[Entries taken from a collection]
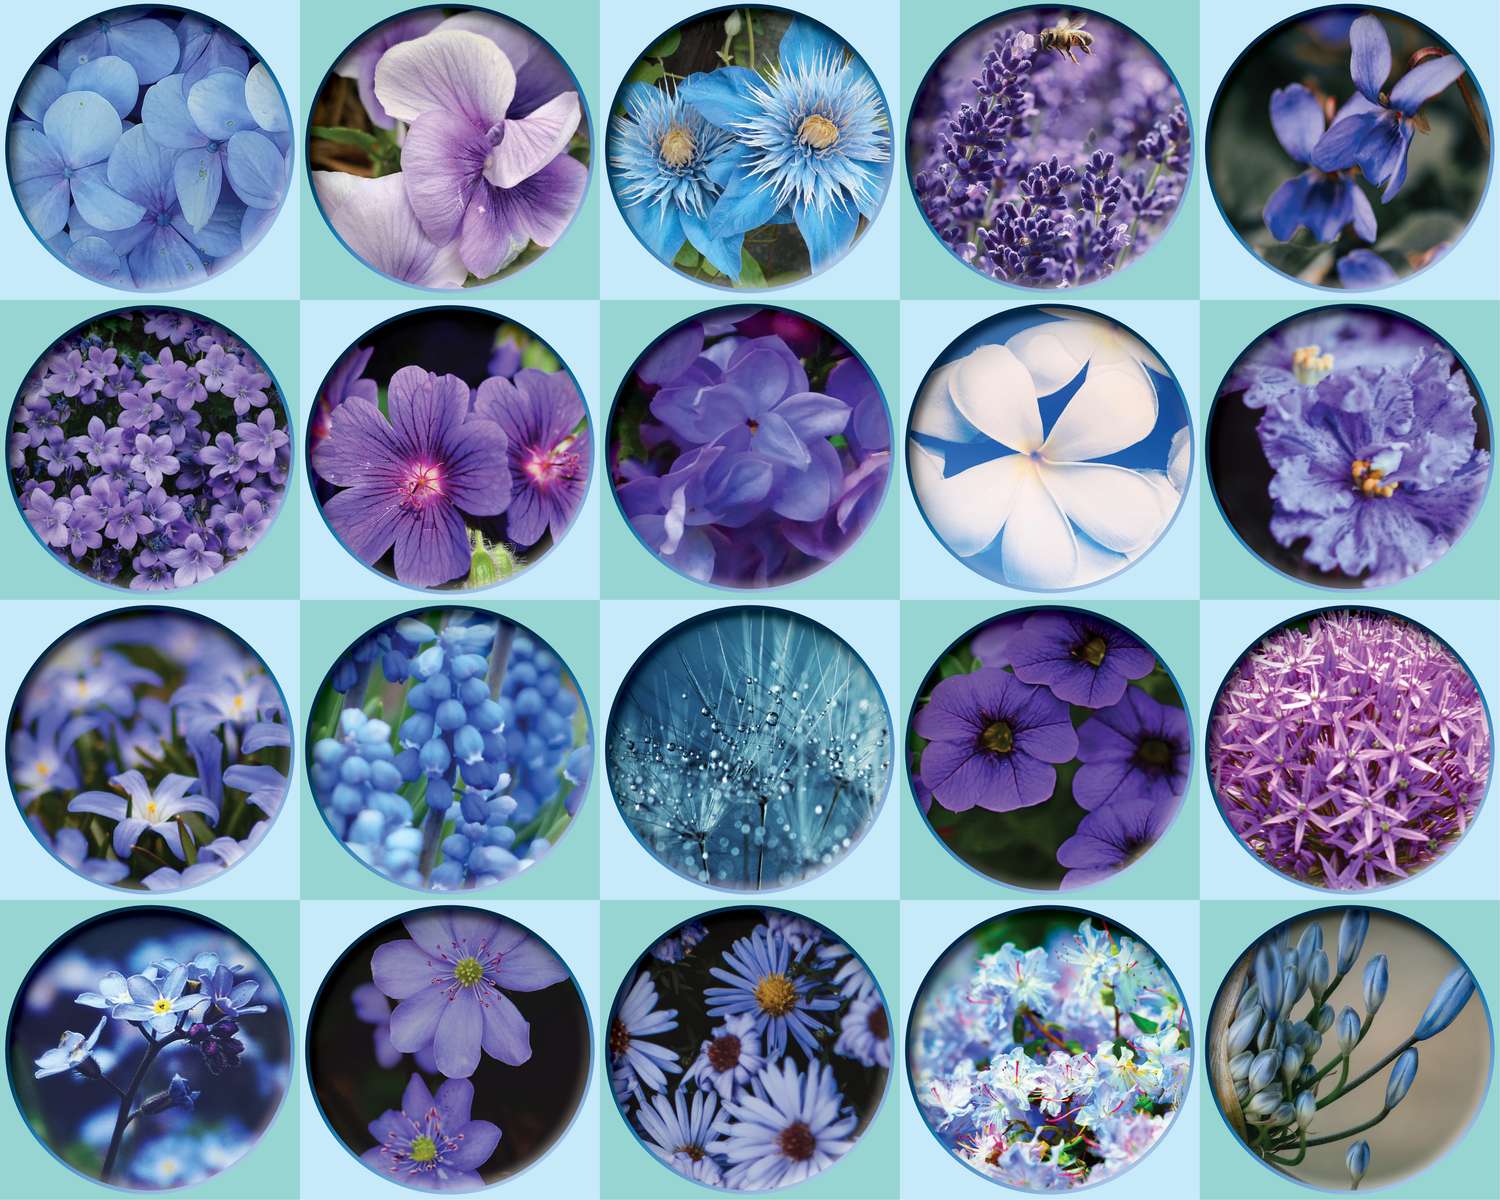 fioletowe kwiaty puzzle online ze zdjęcia
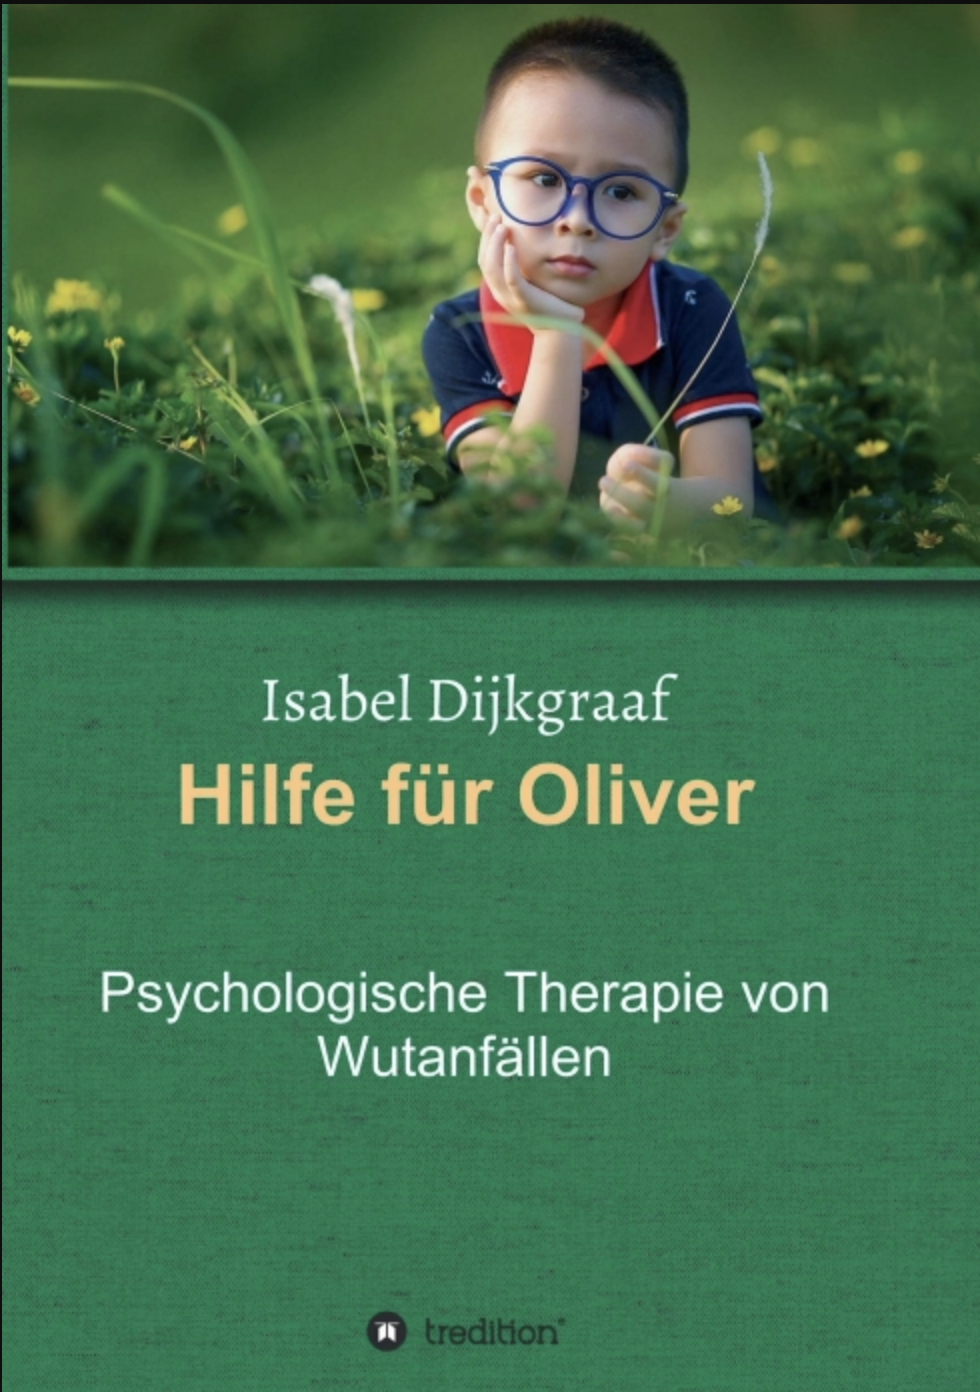 Isabel Dijkgraaf - psychologische Therapie von Wutanfällen Buch
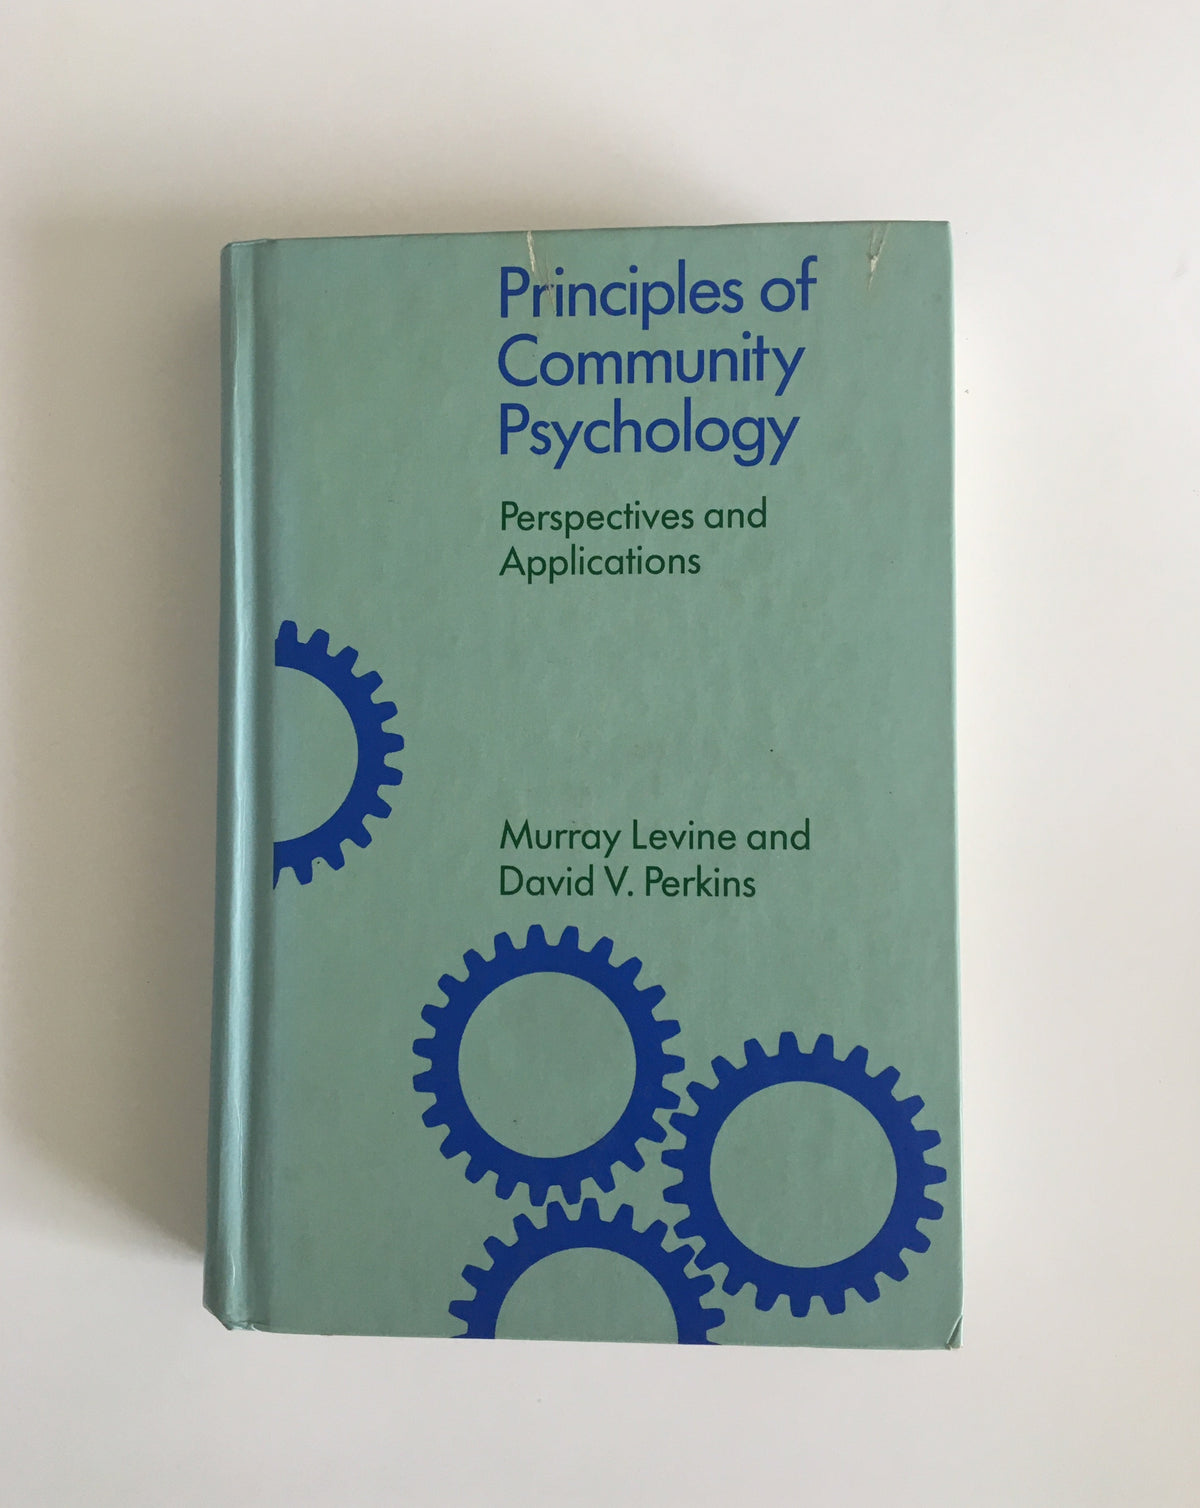 Principles of Community Psychology by Murray Levine &amp; David Perkins
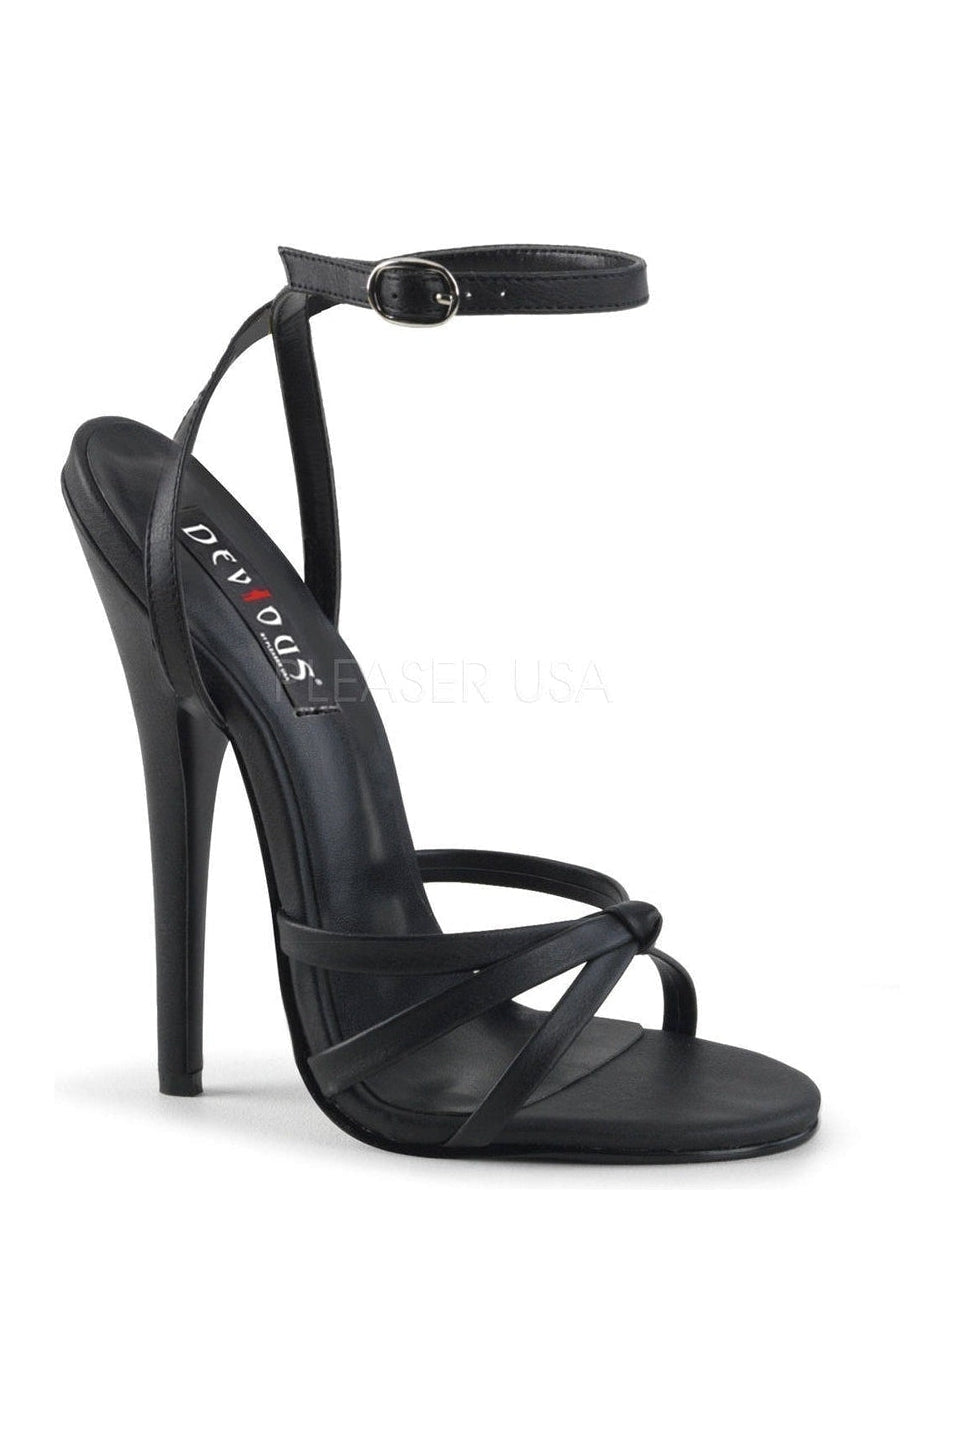 DOMINA-108 Sandal | Black Faux Leather-Sandals- Stripper Shoes at SEXYSHOES.COM
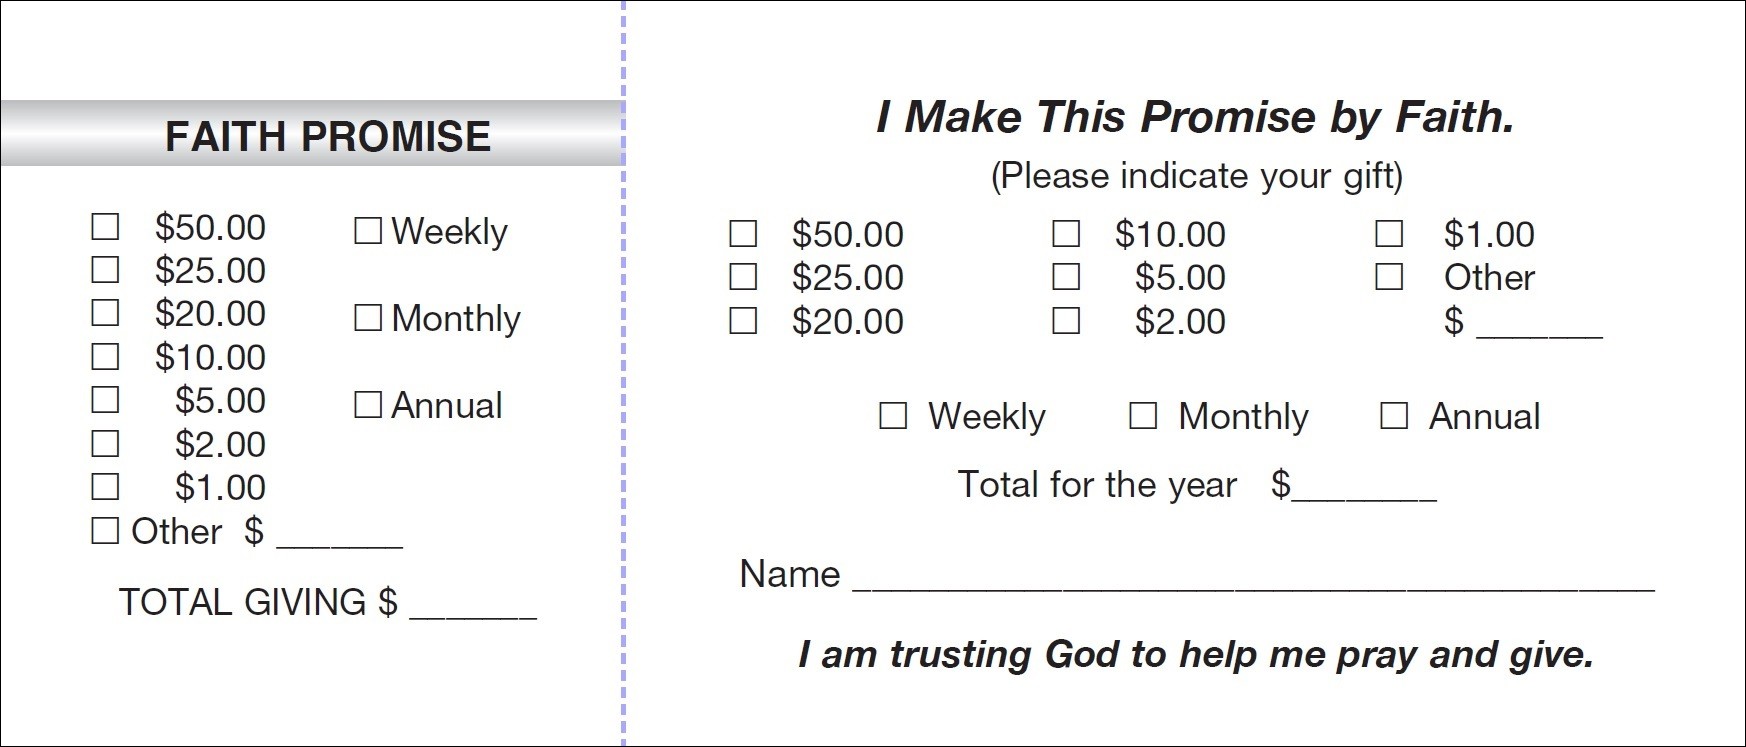 My Faith Promise for Missions Card

▶ Directions
Provide the lines again, unchanged, from where the data above begins through the line containing "DOMINA-108 Sandal |", both ends included, omitting pictures and adding nothing.

▶ Answer to this problem
 fioletowe kwiaty puzzle online ze zdjęcia
 Isabel Dijkgraaf - psychologische Therapie von Wutanfällen Buch
 Principles of Community Psychology by Murray Levine &amp; David Perkins
 DOMINA-108 Sandal | Black Faux Leather-Sandals- Stripper Shoes at SEXYSHOES.COM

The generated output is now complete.